Norovirus GII.P16/GII.2–Associated Gastroenteritis, China, 2016

Yuanyun Ao1, Jinjin Wang1, Hua Ling1, Yaqing He1, Xiaogeng Dong, Xuan Wang, Jingyao Peng, Hailong Zhang, Miao JinComments to Author , and Zhaojun DuanComments to Author 
Author affiliations: Chinese Center for Disease Control and Prevention, Beijing, China (Y. Ao, M. Jin, Z. Duan); Shanghai Ocean University, Shanghai, China (J. Wang); Chongqing Center for Disease Control and Prevention, Chongqing, China (H. Ling, J. Peng); Shenzhen Center for Disease Control and Prevention, Shenzhen, China (Y. He, H. Zhang); Fengtai District Center for Disease Control and Prevention, Beijing (X. Dong); Nanjing Center for Disease Control and Prevention, Nanjing, China (X. Wang)

Cite This Article

Abstract

During October–December 2016, the number of norovirus outbreaks in China increased sharply from the same period during the previous 4 years. We identified a recombinant norovirus strain, GII.P16-GII.2, as the cause of 44 (79%) of the 56 outbreaks, signaling that this strain could replace the predominant GII.4 viruses.
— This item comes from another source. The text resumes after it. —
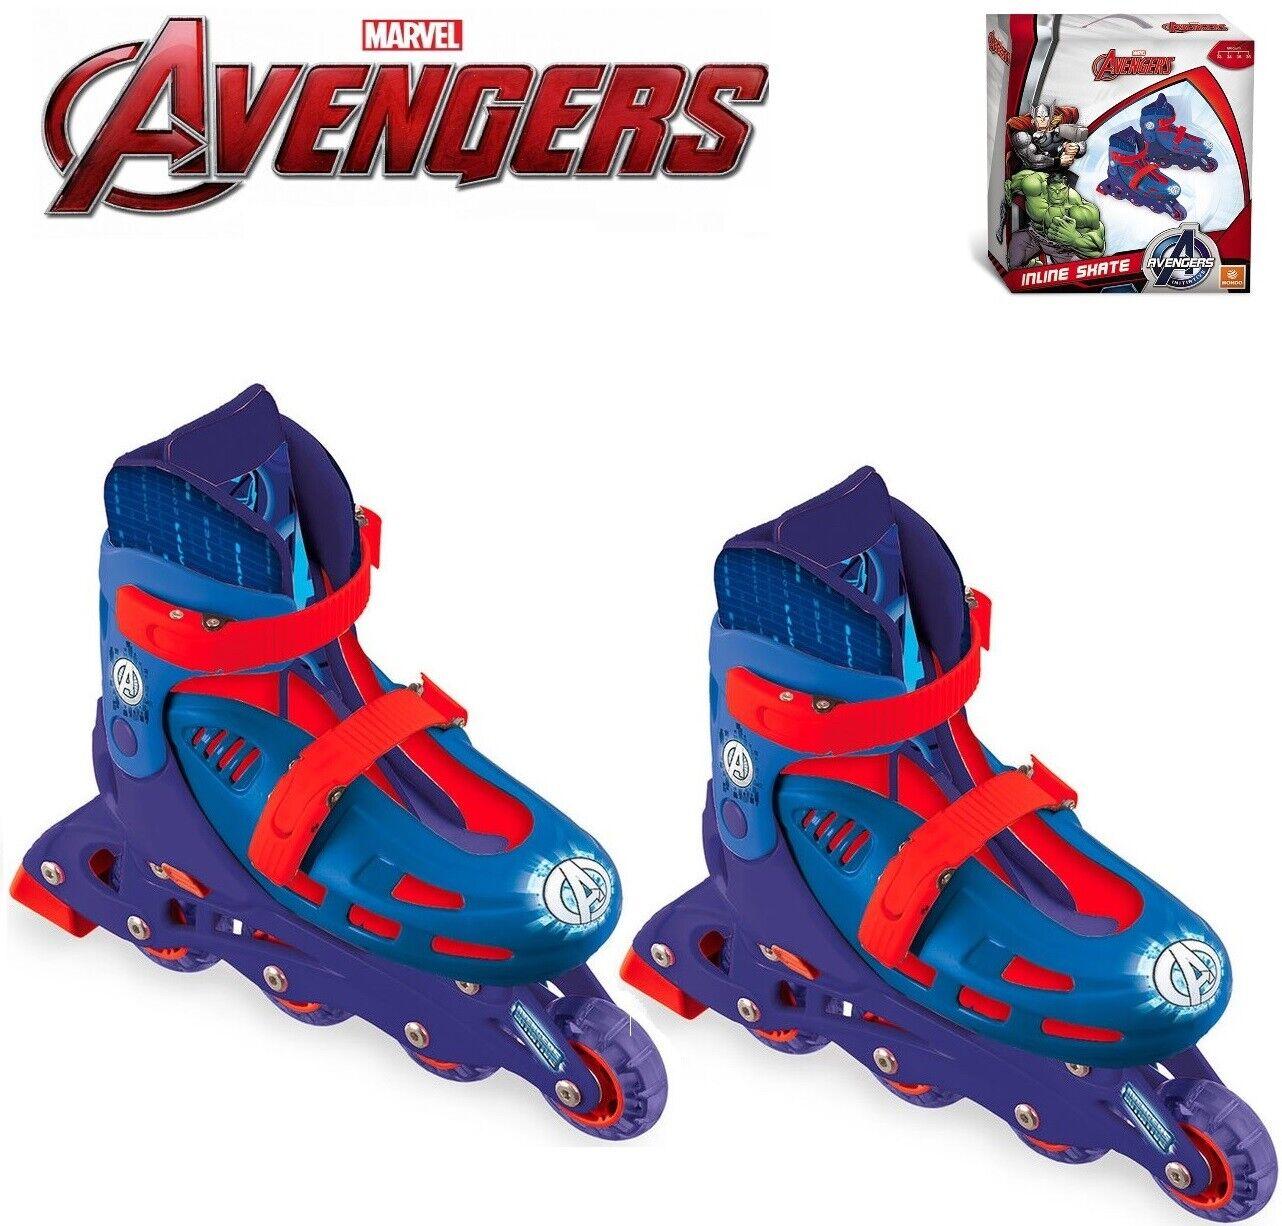 Patins dans Ligne 4 Roues Réglable Diuominiione 33343536 Avengers Avengers

Noroviruses, the main cause of nonbacterial acute gastroenteritis outbreaks (1), are positive-sense, single-stranded RNA viruses within the family Caliciviridae (2). The genome contains 3 open reading frames (ORFs). ORF1 encodes nonstructural proteins, including an RNA-dependent RNA polymerase (RdRp), ORF2 encodes a capsid protein (viral protein 1 [VP1]), and ORF3 encodes a minor capsid protein (VP2). On the basis of RdRp and VP1 gene sequences, noroviruses are classified into 7 genogroups (GI–GVII) (3). GI, GII, and GIV noroviruses can infect humans; GI and GII viruses, the most common, include at least 31 distinct genotypes (3).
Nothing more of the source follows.